規制当局の査察は、1つの事象を狭く深く調査することが一般的である。文書はプロセスの記録であり、正しくプロセスを実行した証拠となる。また各プロセスは関連性や依存性があり、その成果物である文書も当然関連性を管理しなければならない。1つの文書がどういう経緯で作成され、どの文書に引き継がれたかというトレーサビリティを管理する機能が必要である。
文書のレビュにおいて、確認者が電子的に直接コメントを当該文書に付与する機能が必要となる。
文書を印刷し、朱筆を入れる作業は、知識が組織に残らず、品質やスピードの改善につながらない。また紙によるレビュは、不適切な版(バージョン)に行うこともあり、二度手間等が発生するリスクもある。
またセキュリティの確保(外部への情報の漏洩を防ぐ)も必要である。
文書管理システムの要件(抜粋)
FDA査察対応機能要件
- 版数管理が可能であること。
最新版のみの管理ではないことに注意。 - 即座に適切なSOP等が検索・表示可能であること。
- 当該文書(設計図、SOP等)が有効であった期間での検索ができること。
- 全文検索ができること。
- シソーラス検索ができること。
例:国会で検索した場合、衆議院も検索にかかる。 - 特定の期間で過去に有効であったSOP等を検索できること。
ある時点で、各文書がどのバージョンであったかを検索できる機能である。 - SOP等の改訂において変更点が管理できること。
- トレーサビリティが管理できること。
例:苦情報告書→変更されたSOP等→教育の記録 - 文書間のリンク付ができること。
関連する文書間でリンクを張る機能である。

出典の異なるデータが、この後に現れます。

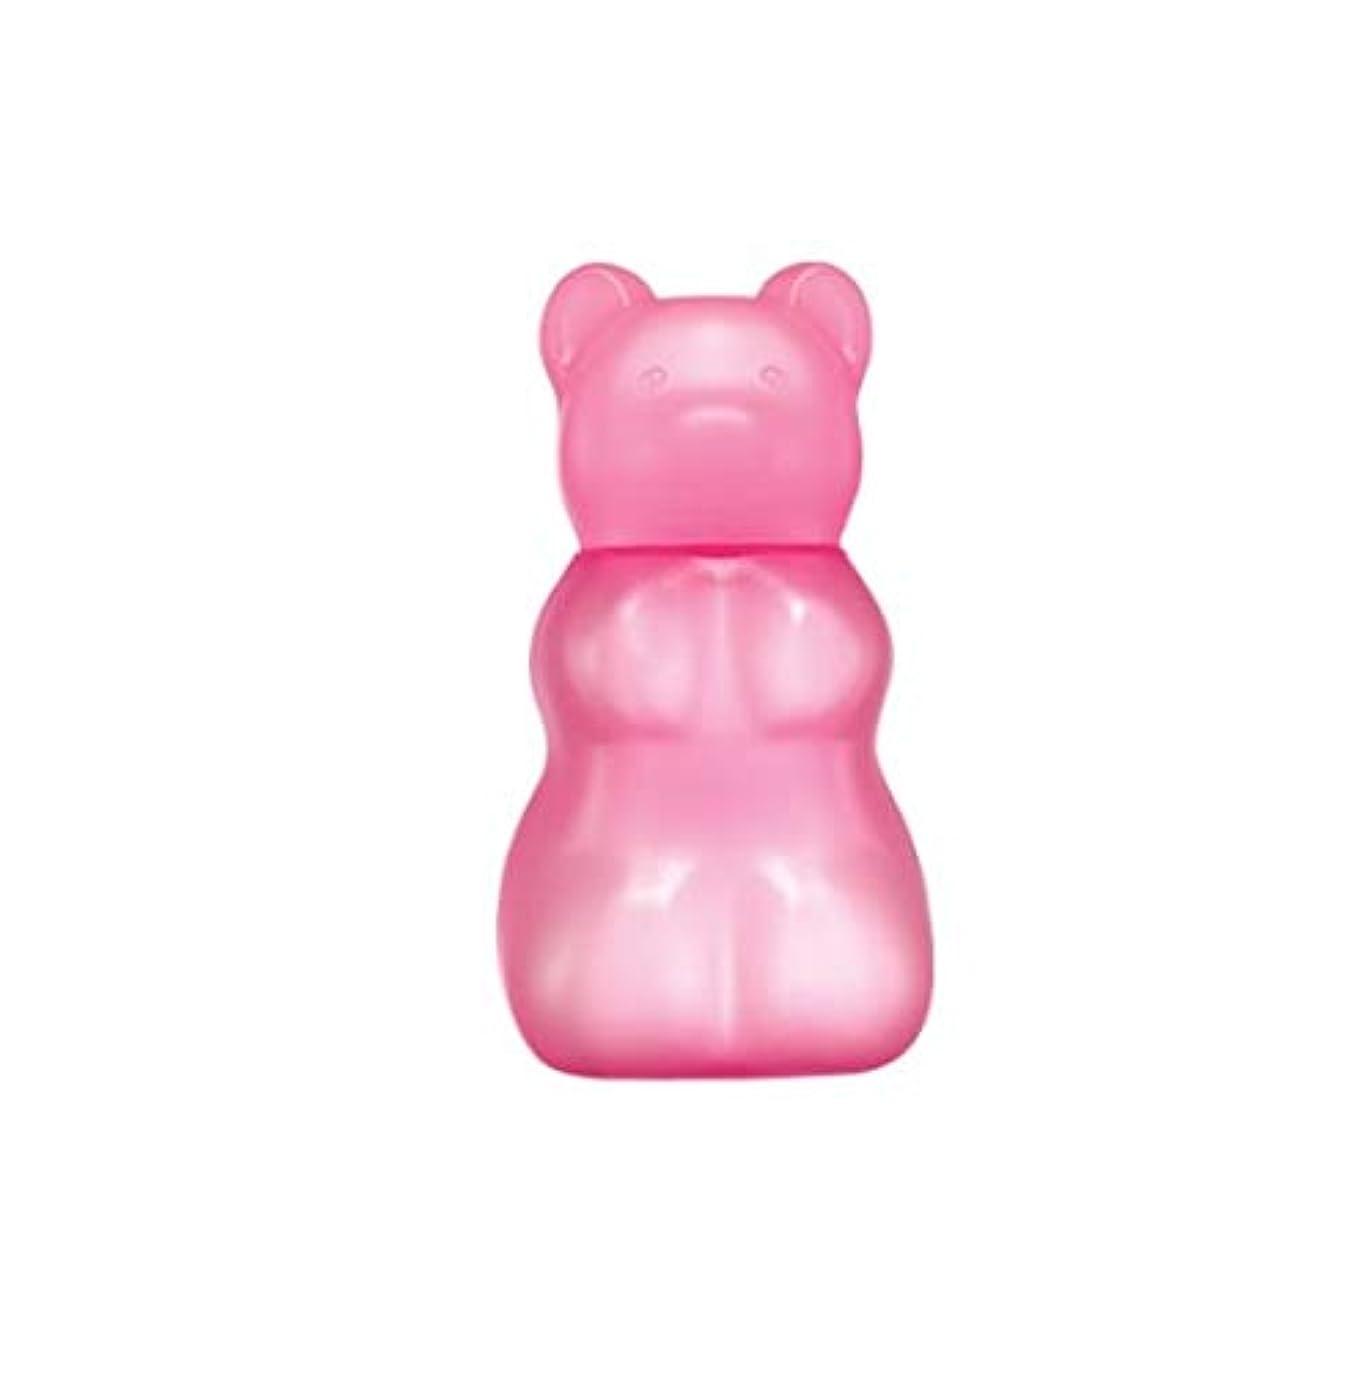 モチーフ博覧会争うSkinfood グミベアゼリークリーンジェル(アップル)#ラズベリー(ハンドジェル) / Gummy Bear Jelly Clean Gel (Apple) #Raspberry (Handgel) 45ml [並行輸入品]
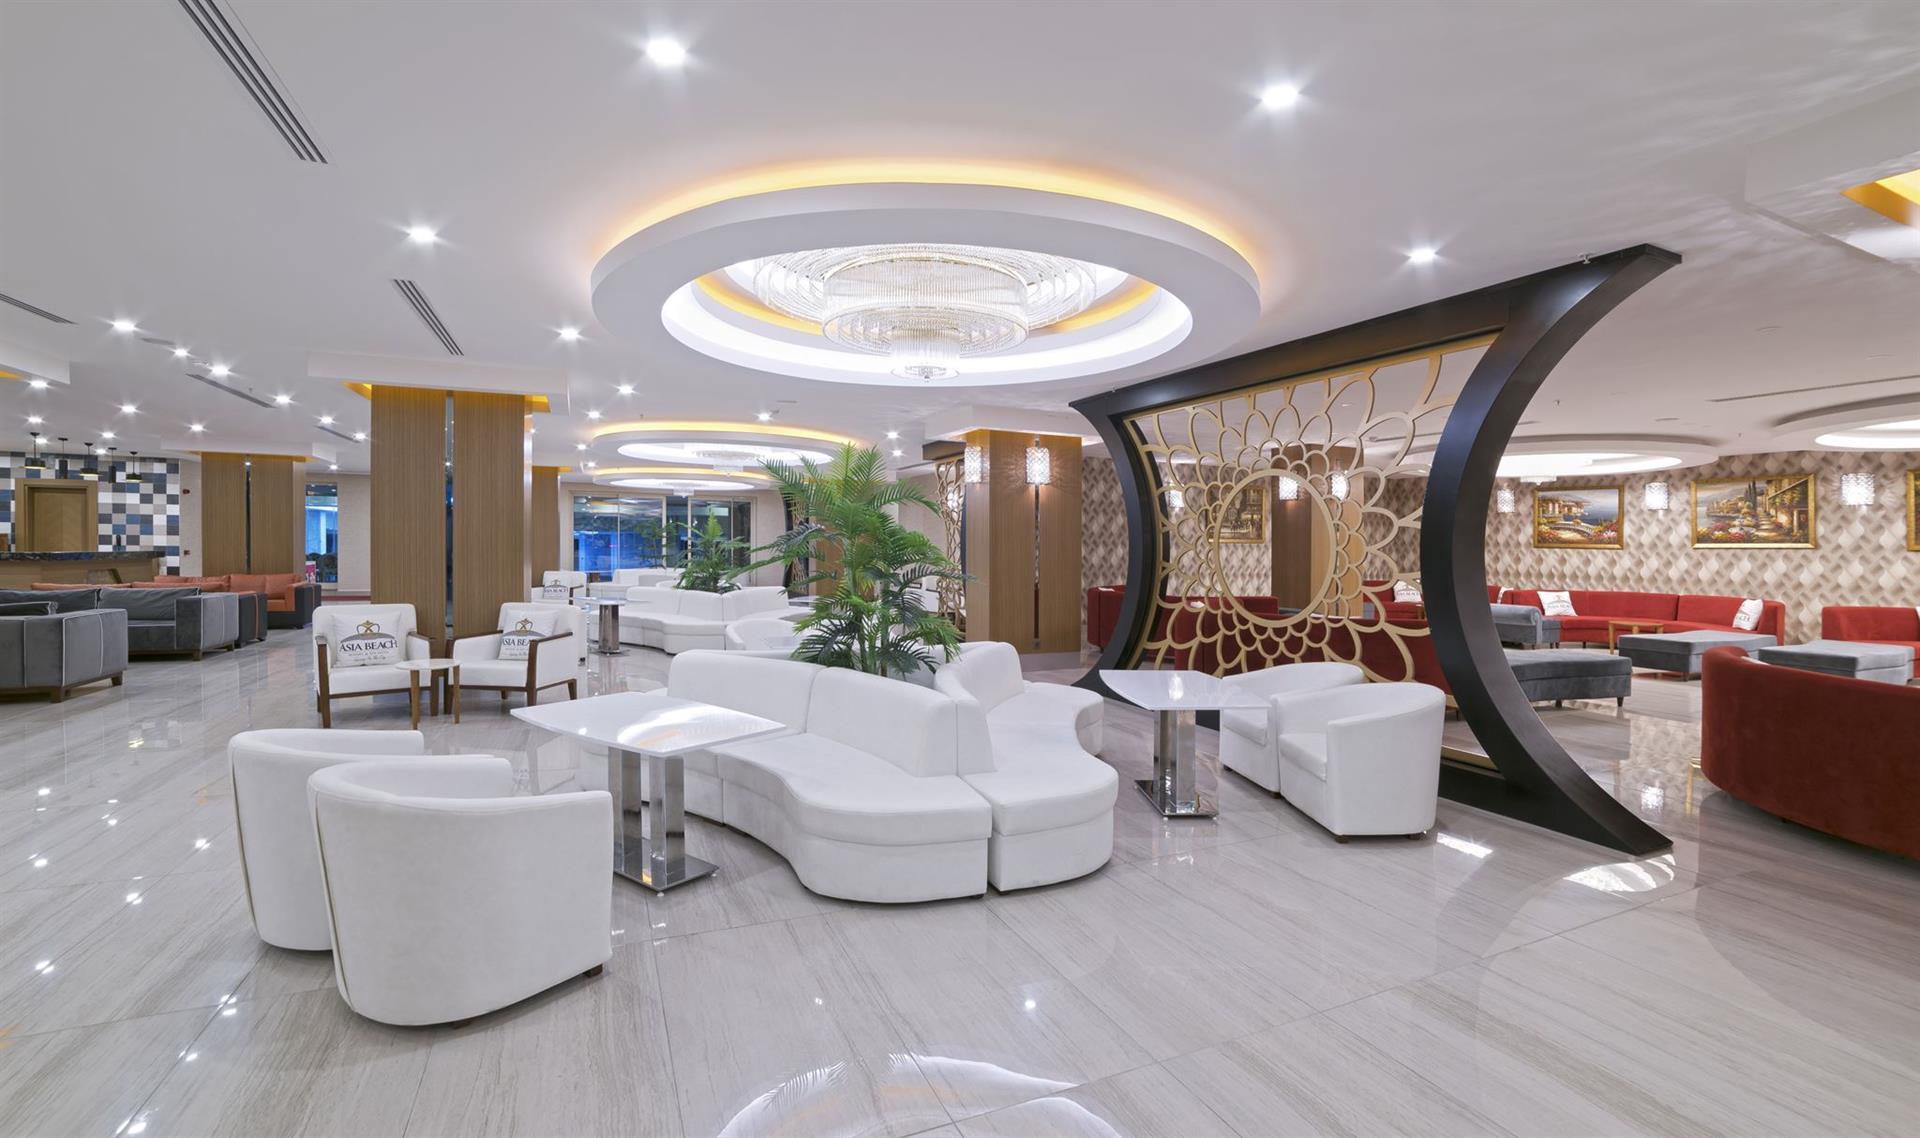 Фото нового отеля в Турции Asia Beach Resort & Spa Hotel 5* Алания, дизайн

検索時に芋づる式に文書が見つかる利点がある。 - スナップショットが作成できること。
ある一時点における文書群を、特定バージョンとともに管理する機能である。DHF作成などに利用する。
査察時には、ある過去の時点について調査を受ける場合があり、その時点での最新の文書をスナップショットとしてまとめておく必要がある。 - 作成・変更・削除の責任の所在を管理できること。
作成者、変更者はオペレータとは限らない。
作成・改訂・承認過程管理機能要件
- ワークフローが作成できること。
- テンプレートを管理することができること。
- 文書テンプレートを適用できること。
文書はテンプレートから作成できなければならない。
質の良いドキュメントを作成するためには、質の良いテンプレートを準備しておかなければならない。 - ドラフト文書を適切な複数の確認者(Reviewer)に送付できること。
- 確認者(Reviewer)は、当該文書にアノテーションが付与(コメント付与)できること。
- アノテーションが保存できること。
レビュ過程で付与されたアノテーション(コメント)を、データベース化できる機能である。
ナレッジをデータベースとして蓄えていく必要がある。 - 保存されたアノテーションを、テンプレートに容易に反映できること。
- レビュの完了した文書は、作成者に返却できること。
- レビュの完了した文書は、アノテーションと共に作成者が参照できること。
- レビュの完了した文書は、承認者に送付し、承認が行えること。
- 作成、確認、承認時に電子署名が実施できること。
- 電子署名は、Part11の要求事項を満たすこと。
- 電子署名は、いかなる状況下においても当該文書とリンクが外れないこと。
画面表示、印刷、電子メール(pdf)による送信
印刷時、pdf出力時に、電子署名情報が出力されること。 - 文書の作成・改訂・承認ステータスを管理できること。
文書の作成過程において、ステータスを管理し、各文書の作成状況を管理する機能である。
個人毎の進捗管理や未作業項目の管理もできることが望ましい。 - 承認前の文書は、作成・改訂グループ以外は参照できないようにすること。
- 文書の変更点が管理できること。
- パブリックコメントを収集できること。
- オーナーシップを変更できること。
- 組織の変更や、文書のステータスの変更に伴い、オーナーシップを変更する機能である。
- 当該文書の日本語版と英語版がリンクできること。
翻訳版がない場合は、その旨表示すること。
従業員・供給者への配布機能要件
- 最新版の配布を保証できること。
一般従業員には、最新版のみを参照させることが必要である。 - 参照は、pdf版でおこなうこと。
- 印刷した場合、Uncontrolled Copyが印字されること。
- 開示(社外)バージョンと社内バージョンの管理ができること。
社内では、文書の作成過程を管理するため、社内的なバージョン管理が必要である。しかしながら、社外に開示する場合、必ずしも社内のバージョン番号とは限らない。
アーカイヴ機能要件
- 文書をアーカイヴできること。
古い文書をアーカイヴする機能。故意や事故によるドキュメントの変更・削除を防止するとともに、アクティブなドキュメントの検索スピードを向上させ、日々のバックアップ時間と容量を軽減することができる。 - アーカイヴした文書を検索できること。